Thanks for the suggestion to blacklist nvidia, will see if it helps.

----------

## Yuriy Skvortsov

After blacklisting nvidia module things gone better, not perfect though. Sometimes nvidia just loads somehow and bbswitch turns on totally on its own. Do you have guys any ideas how can one figure out what kind of stuff pushes it on? lsmod shows "0" in "used by" column about nvidia module, btw.

----------

## steveL

If you're blacklisting it, why build it at all?

Nvidia modules tend not to work well with other video things going on, ime.

----------

## Yuriy Skvortsov

 *steveL wrote:*   

> If you're blacklisting it, why build it at all?

 

It kind of works with the optirun thing and I feel it just ok to have a possibility to run something on nvidia in case I really need it (a rare-to-no case, honestly).
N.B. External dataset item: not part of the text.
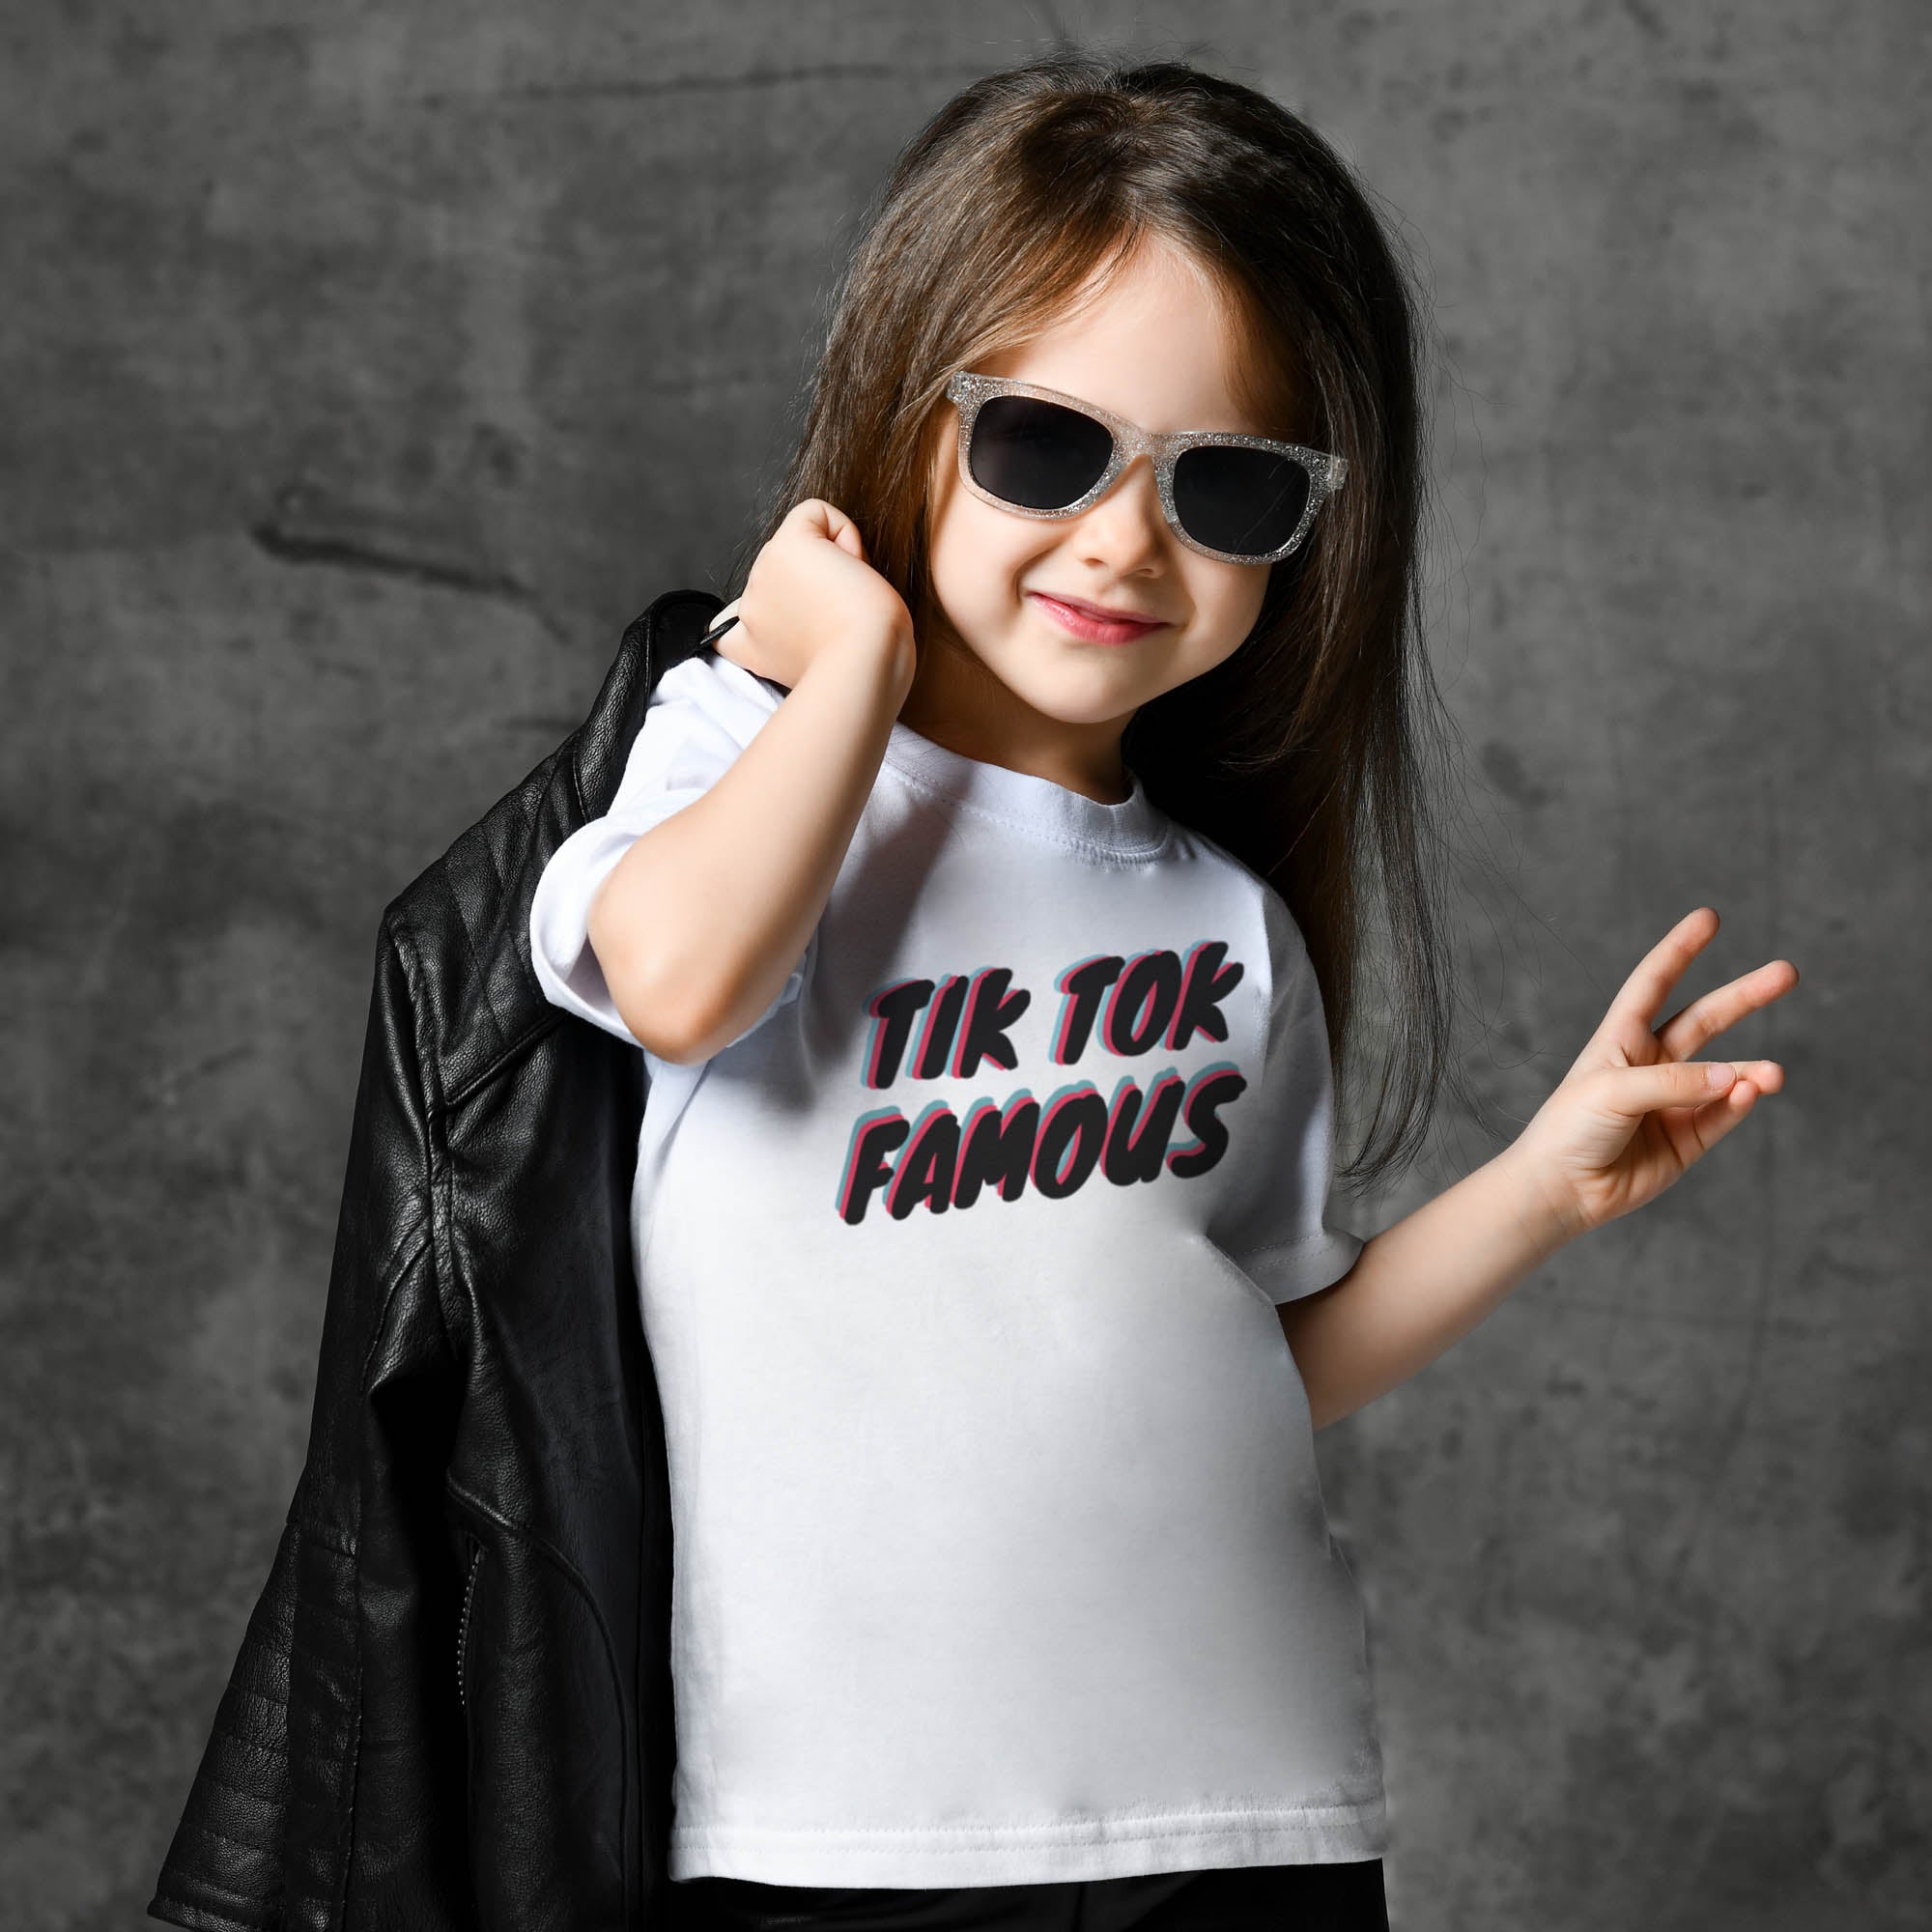 Tik Tok Famous Kids T-Shirt Design

What I do not want to happen is the bb switching ON without my explicit will. So the question is who and why touches bbswitch or bumblebee or whatever, you know, and how could it be prevented.

----------

## Yuriy Skvortsov

With bumblebee daemon stopped i can manually rmmod nvidia; echo OFF > /proc/acpi/bbswitch and it does switch the nvidia off. But then *somehow* in a few hours it suddenly switches ON again and loads nvidia module. The bumblebee stays stopped (I've checked). This behaviour really confuses me.

----------

## cyberjun

@Yuriy: Does this happen when you run youtube videos? https://forums.gentoo.org/viewtopic-t-989048.html

--cyberjun

----------

## Yuriy Skvortsov

 *cyberjun wrote:*   

> @Yuriy: Does this happen when you run youtube videos?

 

I had the same suspicion but I definitely can not reproduce it in a controllable way.

And why should it be related to the thread on vlc you've provided?

----------

## Yuriy Skvortsov

Just noticed the same effect again and it was for sure not during youtubing or any other video activity..

----------

## cyberjun

my mistake. posted the wrong link. please check this one instead: https://forums.gentoo.org/viewtopic-t-988732.html

--cyberjun

----------

## Yuriy Skvortsov

 *cyberjun wrote:*   

> please check this one instead: https://forums.gentoo.org/viewtopic-t-988732.html

 

Oh, thank you so much! It was really the reason. After disabling the "hardware acceleration" checkbox in flash player, everything went the right way, finally!

----------

## RayDude

I'd like to post an update and thank you all for continuing this thread.

By blacklisting nvidia, configuring flash to not use hw_acceleration (stupid flash dialog was unclickable, I'm not sure how I fixed it), the nvidia module is not loading so my system is running much cooler.

Thanks much!

----------